Thoughts about books, politics and history (personal and otherwise), pictures I've taken and pictures I've edited.

Friday, March 17, 2006

Extremely Loud and Incredibly Close by Jonathan Safran Foer

I never had any interest in this author and didn’t read Everything is Illuminated. Until I read Nicole Krauss' (his wife’s) novel The History of Love and the reviews all complained how much the two had in common, I didn't even think of reading Foer. Possibly because of the gimmicky titles but also because I’d heard he used child narrators and, in my opinion, it’s the rare author who manages to make a novel with a child narrator anything but sentimental. As usual when I come up with such arbitrary pronouncements, I was wrong about that one.

I did like this one and I think Foer’s creation of Oscar Schell as narrator is one of the best, most sustained performances of writing as a child I’ve ever read. You probably already know the story. Oscar is 7 when his father, a family jewelry store owner at a meeting at the World Trade Center, was killed in 9/11. He’s 9 when he’s telling his story. He’s become obsessed with a key hidden in a blue vase among his father’s possessions. He’s convinced that the key holds some clue to why his father died and embarks on what seems a hopeless quest—talking to everyone in New York with the surname Black (which name he’s rather tangentially associated with the key).

Oscar is precocious and emotionally fragile. He’s worn heavy boots and given himself bruises since his father died. He depends on his mother and grandmother—who lives across the street—but doesn’t confide in either, nor in the psychiatrist his mother takes him too. The narrative slowly builds to the understanding of what really bothers Oscar.

At the same time, the novel also tells the story of Thomas Schell, Oscar’s grandfather, who left his grandmother in NY when she told him she was pregnant with their only child.

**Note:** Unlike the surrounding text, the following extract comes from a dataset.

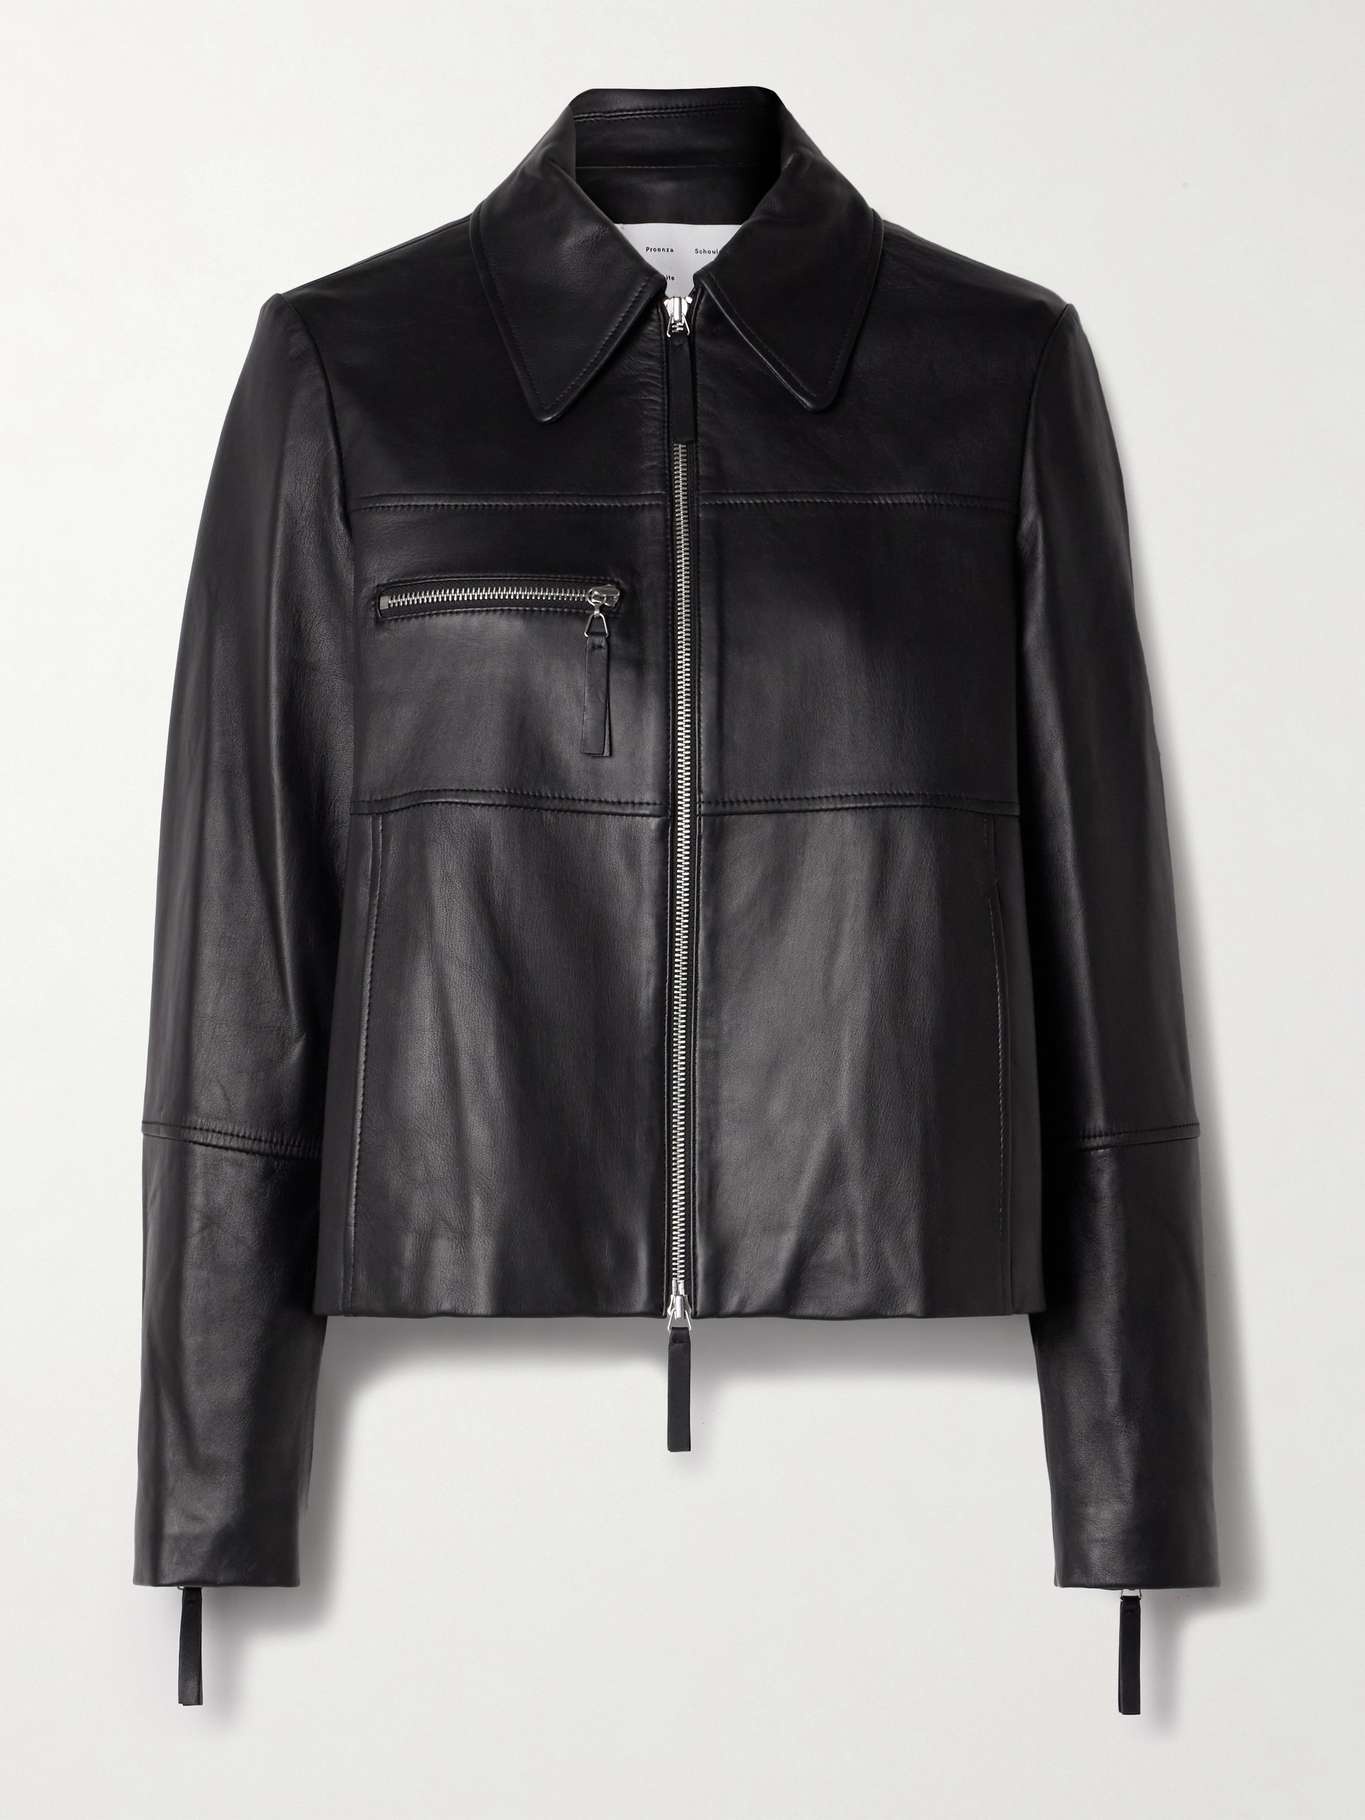 Annabel paneled leather jacket - 1
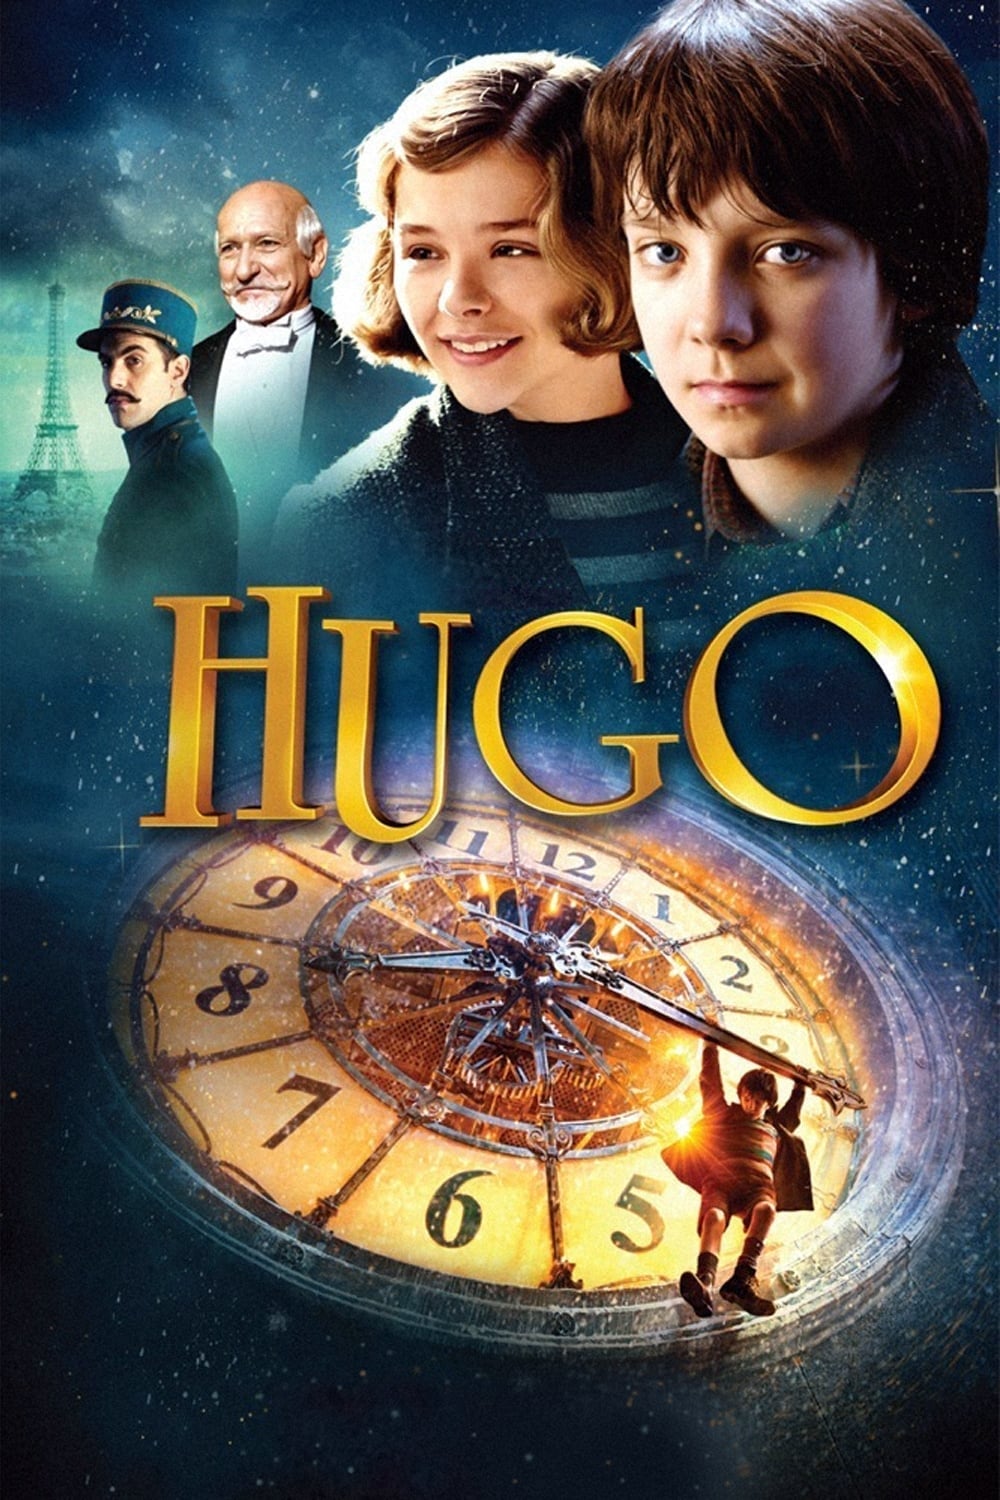 La invención de Hugo

Thomas' unsent letters to his son form part of the story's narration—there's some in his grandmother's voice as well—and their struggle to deal (or avoid dealing) with the tragedy in their lives (the firebombing of Dresden at the end of WWII where Thomas lost his lover and both their families) parallels Oscar’s tragedy.

Oscar’s peculiarities make this book. They provide humor, suspense and raw human feeling in a way you’d never get from an adult. Indeed the tragedy of the grandparents who survived the firebombing when their loved one's didn't and then were estranged for 40 years pales in the face of Oscar’s own tragedy. It works in the novel the way a secondary theme works in a symphony.

As to comparison’s between this book and Nicole Krauss’ there are lots of them: the child narrator (though hers is a teen), the dead father, childish lists, an odyssey around NY to find someone, an elderly man who never meets his son, survivors who at the end of their lives realize they’ve refused to live. But they are not the same book by any stretch of the imagination and each is worth reading.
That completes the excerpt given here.